COLLECTED MATERIAL: Begin

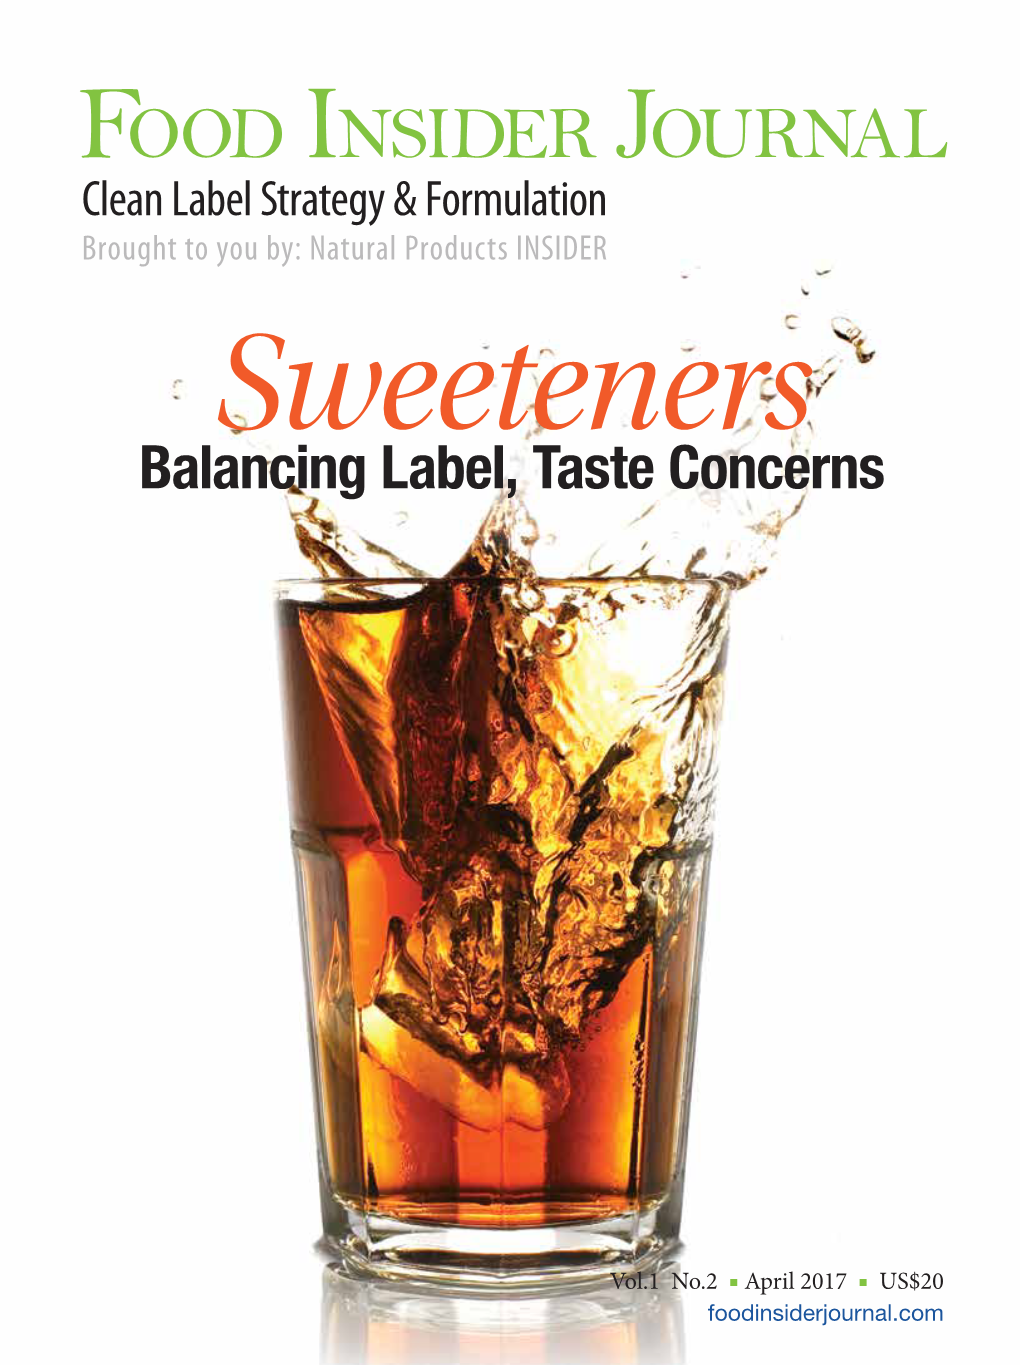 Food Insider Journal Clean Label Strategy & Formulation Brought to You By: Natural Products INSIDER Sweeteners Balancing Label, Taste Concerns
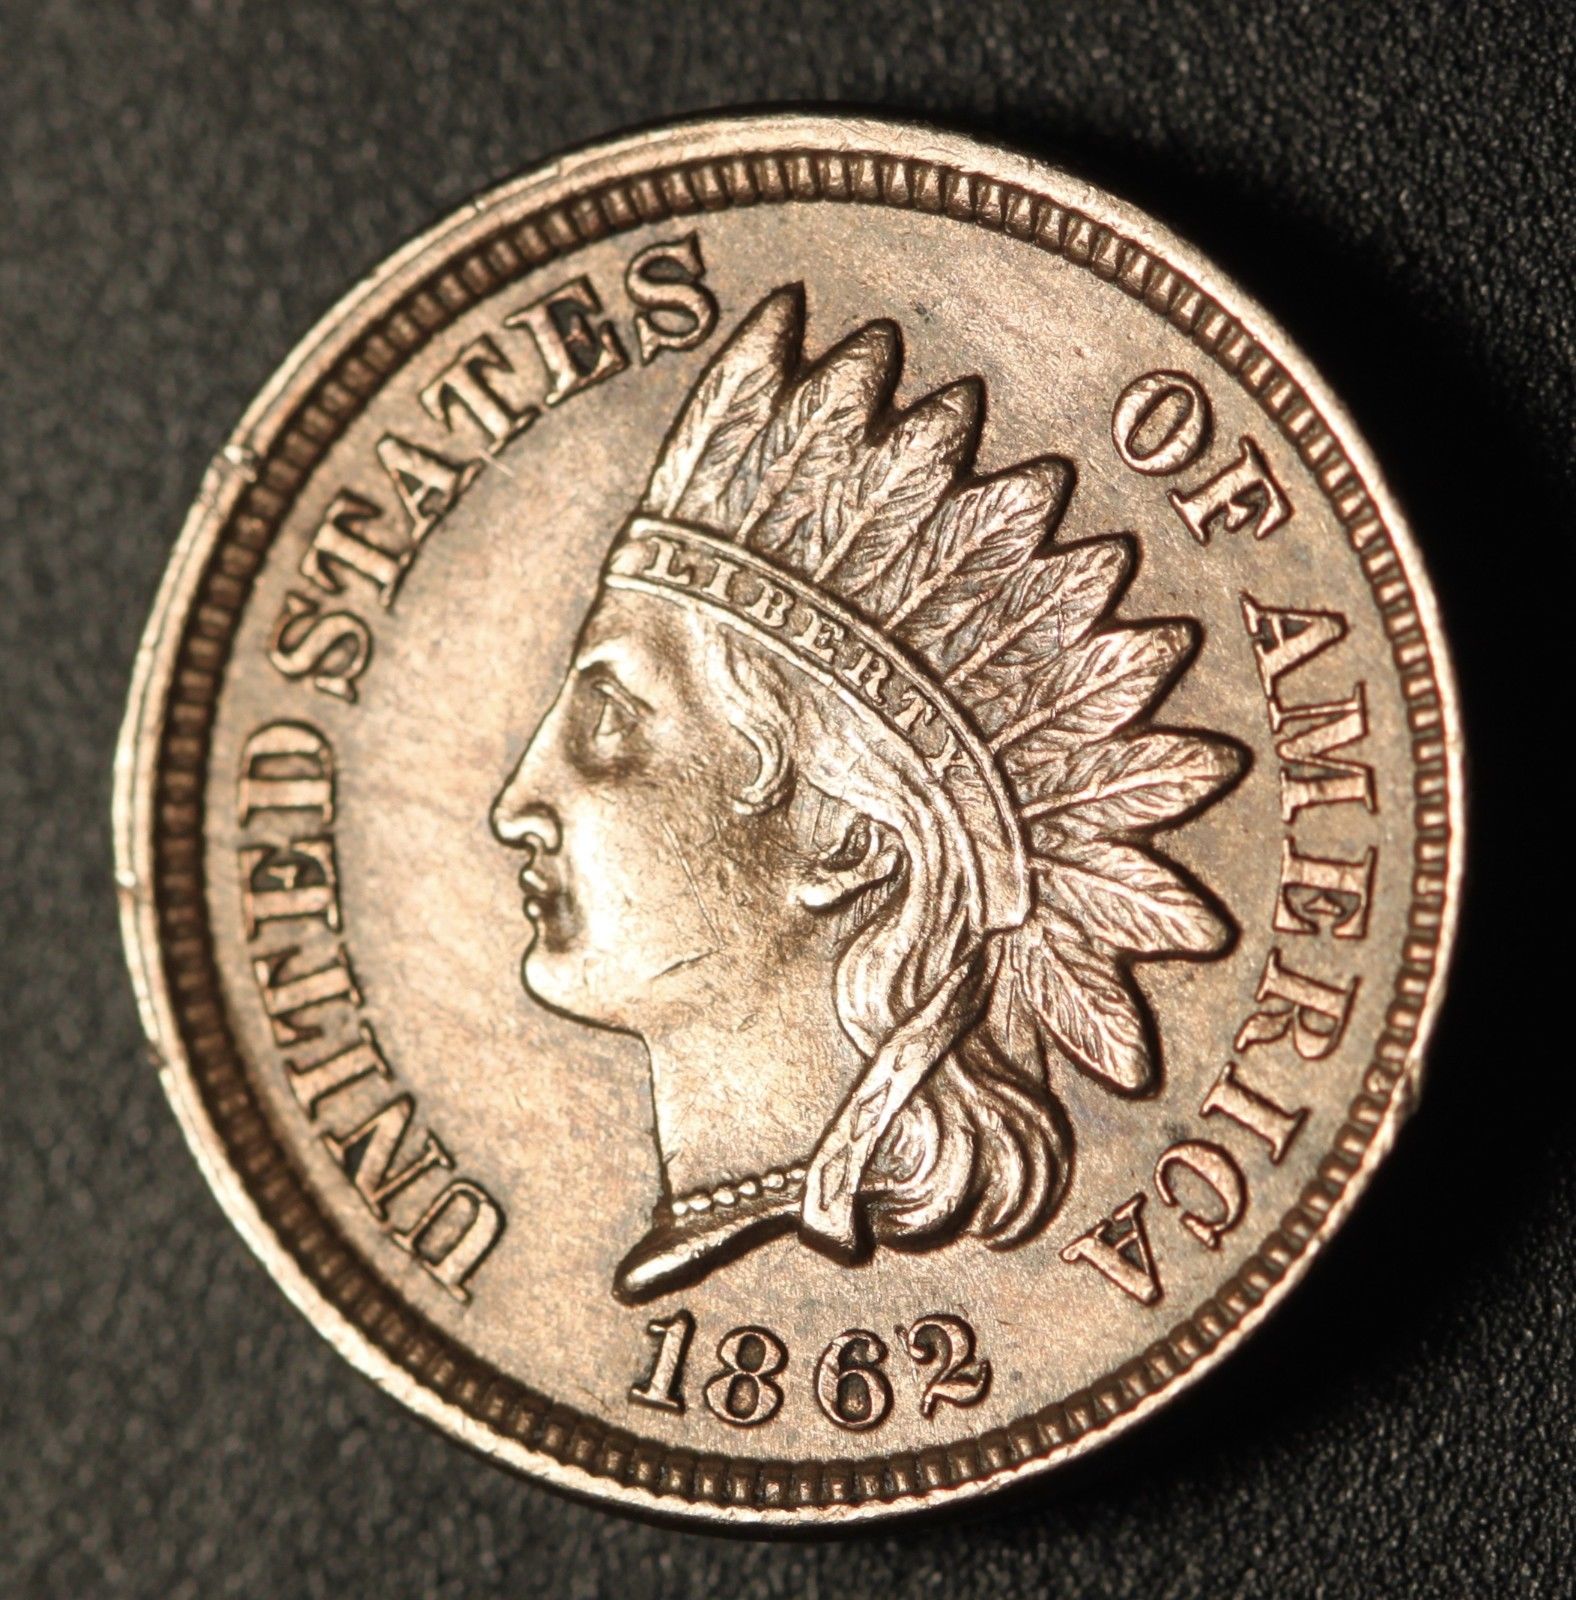 1862 ODD-003 - Indian Head Penny - Photo by Ed Nathanson
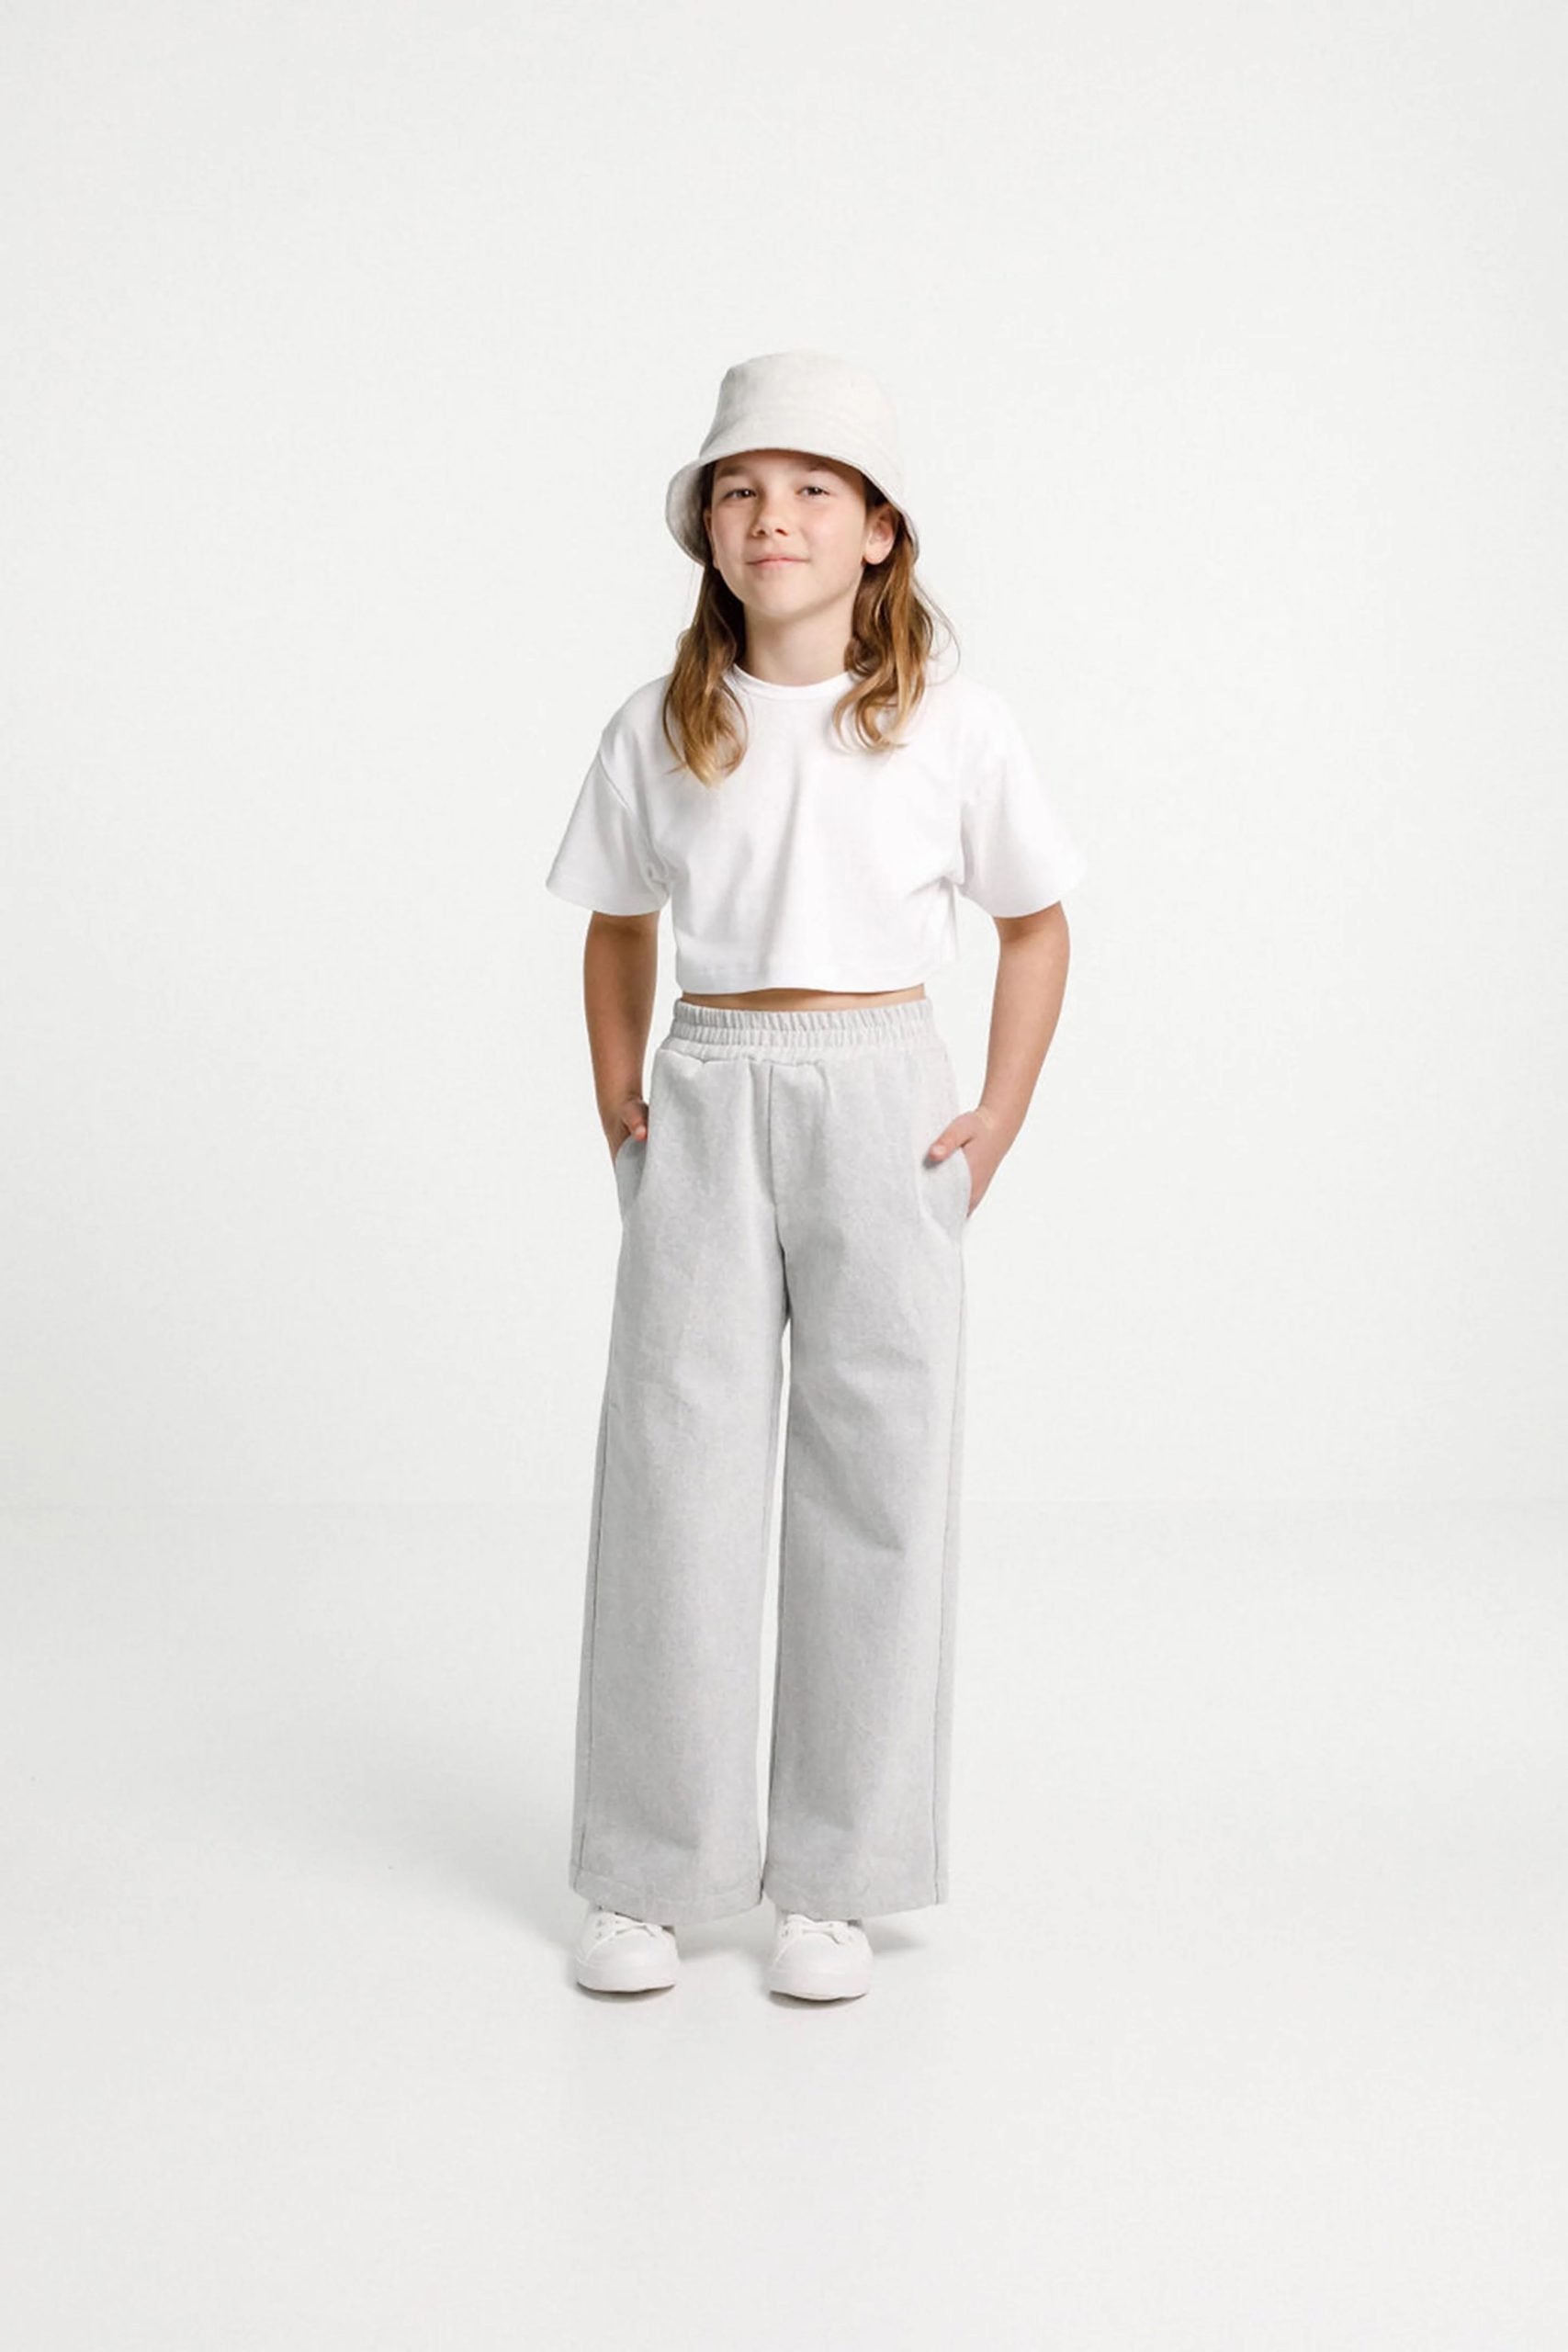 Child wearing the Child/Teen Tula Pants sewing pattern from Papercut Patterns on The Fold Line. A trouser pattern made in light to mid-weight woven or knit fabrics, linen, cotton, sweatshirting and blends fabrics, featuring an elasticated waistband, side pockets, ankle cuffs and wide leg fit.

COLLECTED MATERIAL: End

Without copying any picture, write out all of the material exactly as it reads.

ANSWER BELOW =
 Food Insider Journal Clean Label Strategy & Formulation Brought to You By: Natural Products INSIDER Sweeteners Balancing Label, Taste Concerns
 1862 ODD-003 - Indian Head Penny - Photo by Ed Nathanson
 Child wearing the Child/Teen Tula Pants sewing pattern from Papercut Patterns on The Fold Line. A trouser pattern made in light to mid-weight woven or knit fabrics, linen, cotton, sweatshirting and blends fabrics, featuring an elasticated waistband, side pockets, ankle cuffs and wide leg fit.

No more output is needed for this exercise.